Now all that's left is to select the items that should be adjusted. The optimal results come from adjusting those values that were closest to the boundary in the first place. You can find those by sorting by the difference between the original value and the rounded value.

>>> myNewList = myRoundedList[:]
>>> for _,i in sorted(((myOriginalList[i] - myRoundedList[i], i) for i in range(len(myOriginalList))), reverse=n>0)[:abs(n)]:
    myNewList[i] += math.copysign(0.01, n)

>>> myRoundedList
[27226.95, 193.06, 1764.31, 12625.86, 26714.68, 18970.35, 12725.41, 23589.93, 27948.4, 23767.83, 12449.81]
>>> myNewList
[27226.95, 193.06, 1764.31, 12625.86, 26714.68, 18970.359999999997, 12725.42, 23589.93, 27948.4, 23767.83, 12449.81]
>>> sum(myNewList)
187976.61


回答2:

First of all you shouldn't use floats for storing money (use Decimals instead). But below I provide some quite generic solution - you need to store, accumulate and use the sum of differences in rounding. Some verbose (and not very pythonic ;-) example with your numbers:

# define your accuracy
decimal_positions = 2

numbers = [27226.94982, 193.0595233, 1764.3094, 12625.8607, 26714.67907, 18970.35388, 12725.41407, 23589.93271, 27948.40386, 23767.83261, 12449.81318]
print round(sum(numbers),decimal_positions)
>>> 187976.61

new_numbers = list()
rest = 0.0
for n in numbers:
    new_n = round(n + rest,decimal_positions)
    rest += n - new_n
    new_numbers.append( new_n )

print sum(new_numbers)
>>> 187976.61


回答3:

With all the caveats about using floating point numbers:

delta_pence = int(np.rint((originalTotal - np.sum(myRoundedList))*100))
if delta_pence > 0:
    idx = np.argsort(myOriginalList - myRoundedList)[-delta_pence:]
    myRoundedList[idx] += 0.01
elif delta_pence < 0:
    idx = np.argsort(myOriginalList - myRoundedList)[:delta_pence]
    myRoundedList[idx] -= 0.01

>>> myRoundedList.sum()
187976.60999999999


回答4:

As noted in an answer by kettlehell, try the PyPI package iteround. It's not optimized to use NumPy, however.

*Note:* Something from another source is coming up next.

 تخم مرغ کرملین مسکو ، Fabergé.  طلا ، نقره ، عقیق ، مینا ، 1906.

>>> from iteround import saferound
>>> saferound([1.0, 2.1, 3.6], places=0)
[1.0, 2.0, 4.0]


回答5:

If you have a long list, the above methods are inefficient because they are O(n*log(n)) (sorting of n elements). If the chances are high that you should change only at a few (or one) of these indexes you could use a heap (or a min/max if there's only one place to change).

I'm not much of a python coder, but here's a solution considering the above (but not considering the floating point representation inaccuracy (already mentioned by others)).

import math
import heapq

def roundtosum(l, r):
    q = 10**(-r)
    d = int((round(sum(l),r) - sum([ round(x, r) for x in l ])) * (10**r))
    if d == 0:
        return l
    elif d in [ -1, 1 ]:
        c, _ = max(enumerate(l), key=lambda x: math.copysign(1,d) * math.fmod(x[1] - 0.5*q, q))
        return [ round(x, r) + q * math.copysign(1,d) if i == c else round(x, r) for (i, x) in enumerate(l) ]
    else:
        c = [ i for i, _ in heapq.nlargest(abs(d), enumerate(l), key=lambda x: math.copysign(1,d) * math.fmod(x[1] - 0.5*q, q)) ]
        return [ round(x, r) + q * math.copysign(1,d) if i in c else round(x, r) for (i, x) in enumerate(l) ]

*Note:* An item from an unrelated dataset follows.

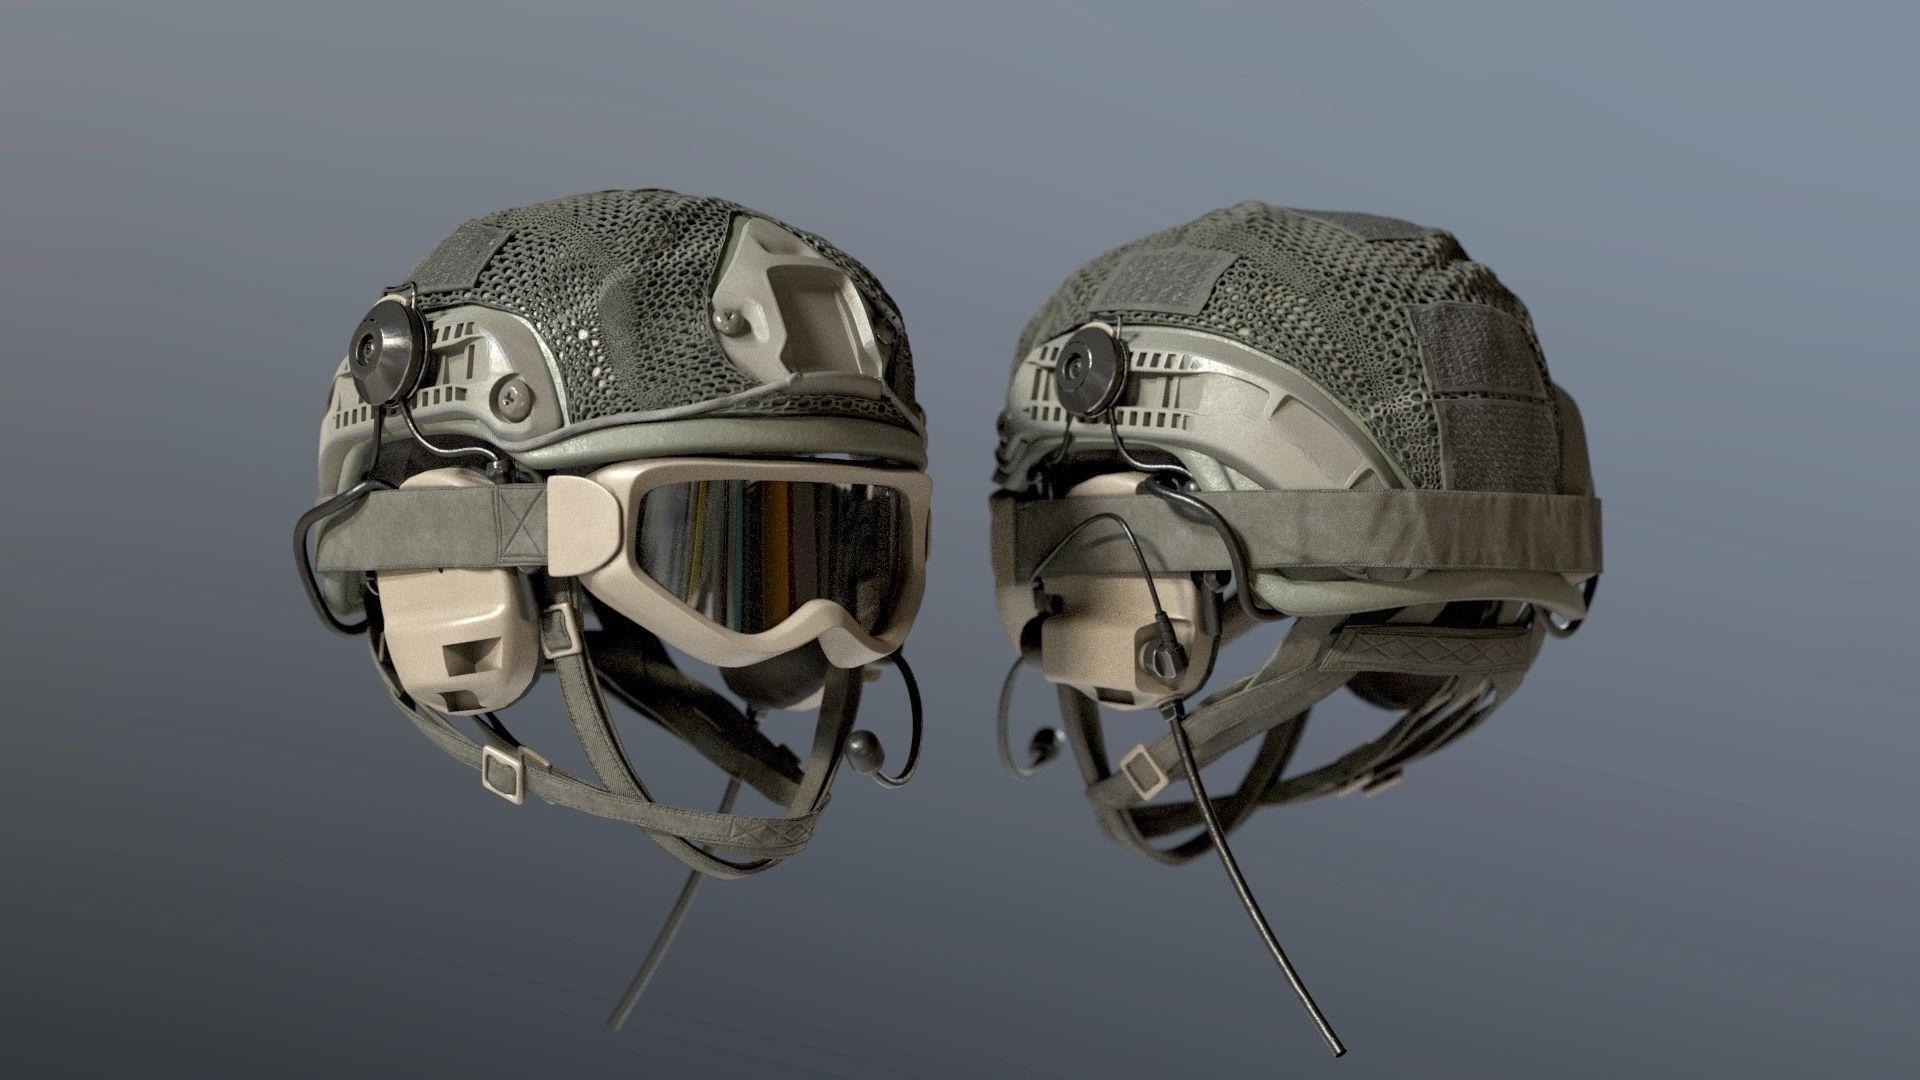 SOLDIER Helmet bulletproof

d is the numerical difference between the rounded sum and the sum of rounds, this tells us how many places should we change the rounding. If d is zero we clearly have nothing to do. If d is 1 or -1 the best place can be found easily with min or max. For an arbitrary number, we can use heapq.nlargest to find the best D=abs(d) places.

So why is there a max, if nlargest would do?! Because min and max are much more efficiently implemented than that.

This way, the algorithm is O(n+D*log(n)).

Note: With a heap, you can create an O(n+D^2*log(D)) algorithm as well because the top D elements should be on the top D levels of the heap, and you can order that list in O(D^2*log(D)) steps. If n is huge and D is very small this can mean a lot.

(Rights for reconsideration reserved (because it's after midnight).)